Figure 5 Correlation between predicted additive genetic values obtained with whole phenotypic information and additive values obtained with partial phenotypic information (r_w,p) in a leave-one-line-out (LOO) cross-validation. LMM-HET: linear mixed model allowing heteroscedasticity of residual variance for the different environments. DHGLM: double hierarchical generalized linear model. g : predicted additive genetic values for corrected phenotypes (y_c). g_d : predicted additive genetic values for dispersion variable (y_d). Black bars represent the 95% confidence interval (CI) computed for each estimate as the standard deviation of the estimate multiplied by 1.96. The letter above the bar denotes significant differences between models in a t-test (P-value< 0.01).
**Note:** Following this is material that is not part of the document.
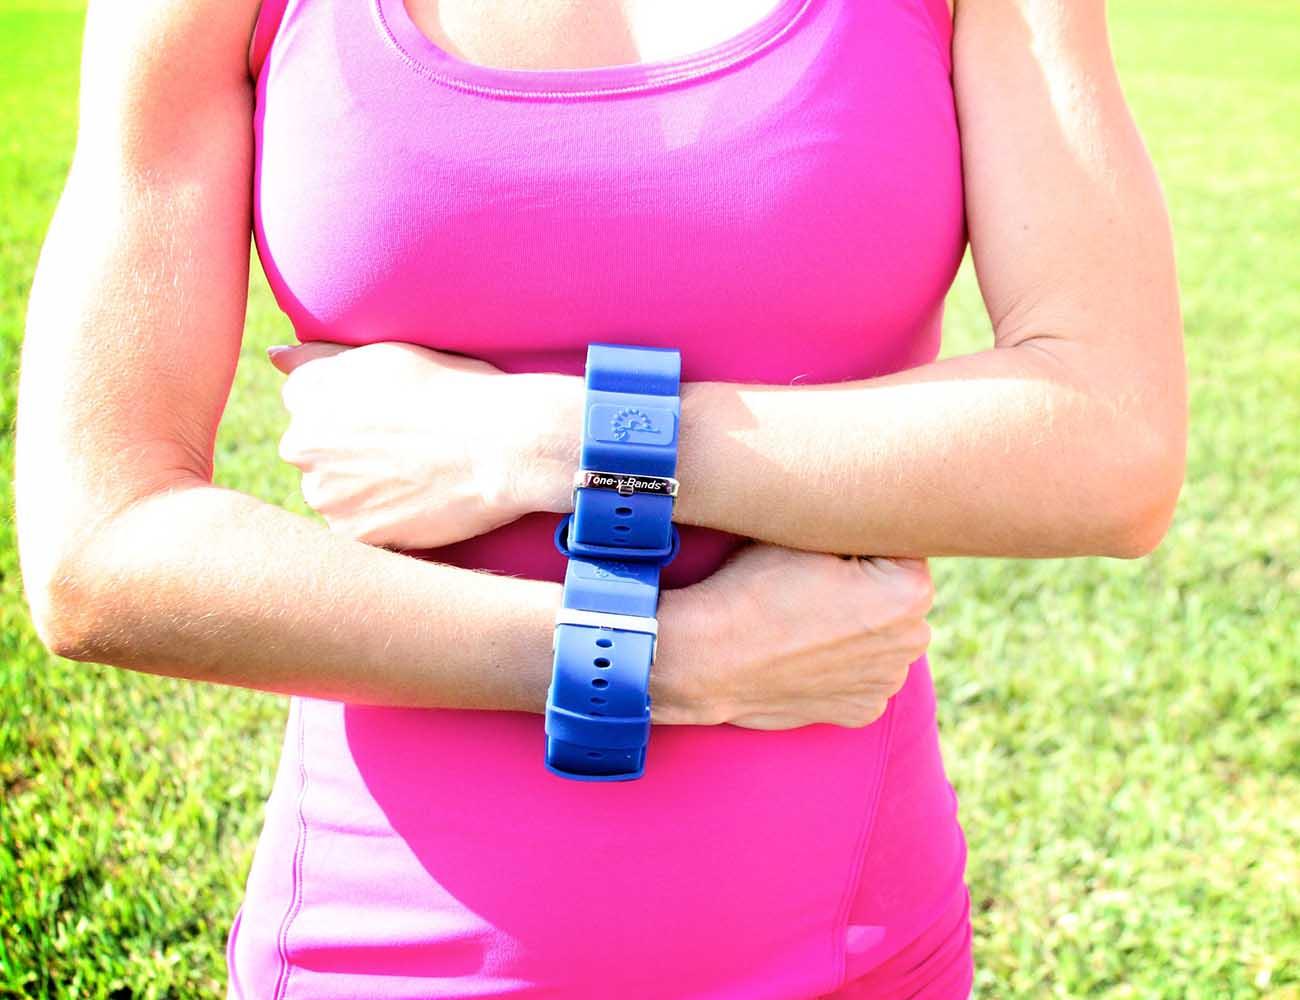 Tone-y-Bands Cardio Weights

The statistic for variance inflation of predicted additive genetic values (b_w,p) are presented in Figure 6. The expected b_w,p when there is no variance inflation in predictions is 1 (black dashed horizontal line in Figure 6); lower and higher values than the unity represent over or under-dispersion, respectively. In our study, we did not observe variance inflation in predictions for additive genetic values in EGY for the DHGLM (0.9951) and the LMM-HET (0.9955), and no significant difference between models was found. Conversely, the predictions for additive genetic values in DGY for the DHGLM revealed a low over-dispersion with a b_w,p of 0.9346 and a bootstrap-based confidence interval ranging from 0.9159 to 0.9532. The b_w,p for predictions of the additive genetic effects in EGY and DGY were significantly different in the t-test (P-value< 0.01).

FIGURE 6

Figure 6 Boxplot of bootstrap distribution for the slope of the regression of additive genetic values obtained with whole phenotypic information on additive values obtained with partial phenotypic information (b_w,p) in a leave-one-line-out (LOO) cross-validation. LMM-HET: linear mixed model allowing heteroscedasticity of residual variance for the different environments. DHGLM: double hierarchical generalized linear model. g : predicted additive genetic values for corrected phenotypes (y_c). g_d : predicted additive genetic values for dispersion variable (y_d). The letter above the bar denotes significant differences between models in a t-test (P-value< 0.01). The black dashed line represents a regression coefficient of one, where no under or over-dispersion is present.

Discussion

In this study, we utilized a DHGLM to investigate the genetic variation in residual variance for grain yield (micro-environmental sensitivity) and to assess the predictability of additive genetic effects in EGY (y_c) and DGY (y_d) variables. As far as we know, studies on micro-environmental sensitivity have been limited in plants, and this is the first time that genetic parameters for micro-environmental sensitivity have been investigated for wheat grain yield. We found that the micro-environmental sensitivity for grain yield is heritable and that there is potential for reducing micro-environmental sensitivity and increasing resilience of wheat breeding lines. In addition, we found that the DHGLM had similar performance for predictions of additive genetic effects in EGY compared to the LMM-HET, and had suitable performance for prediction of additive genetic effects in DGY.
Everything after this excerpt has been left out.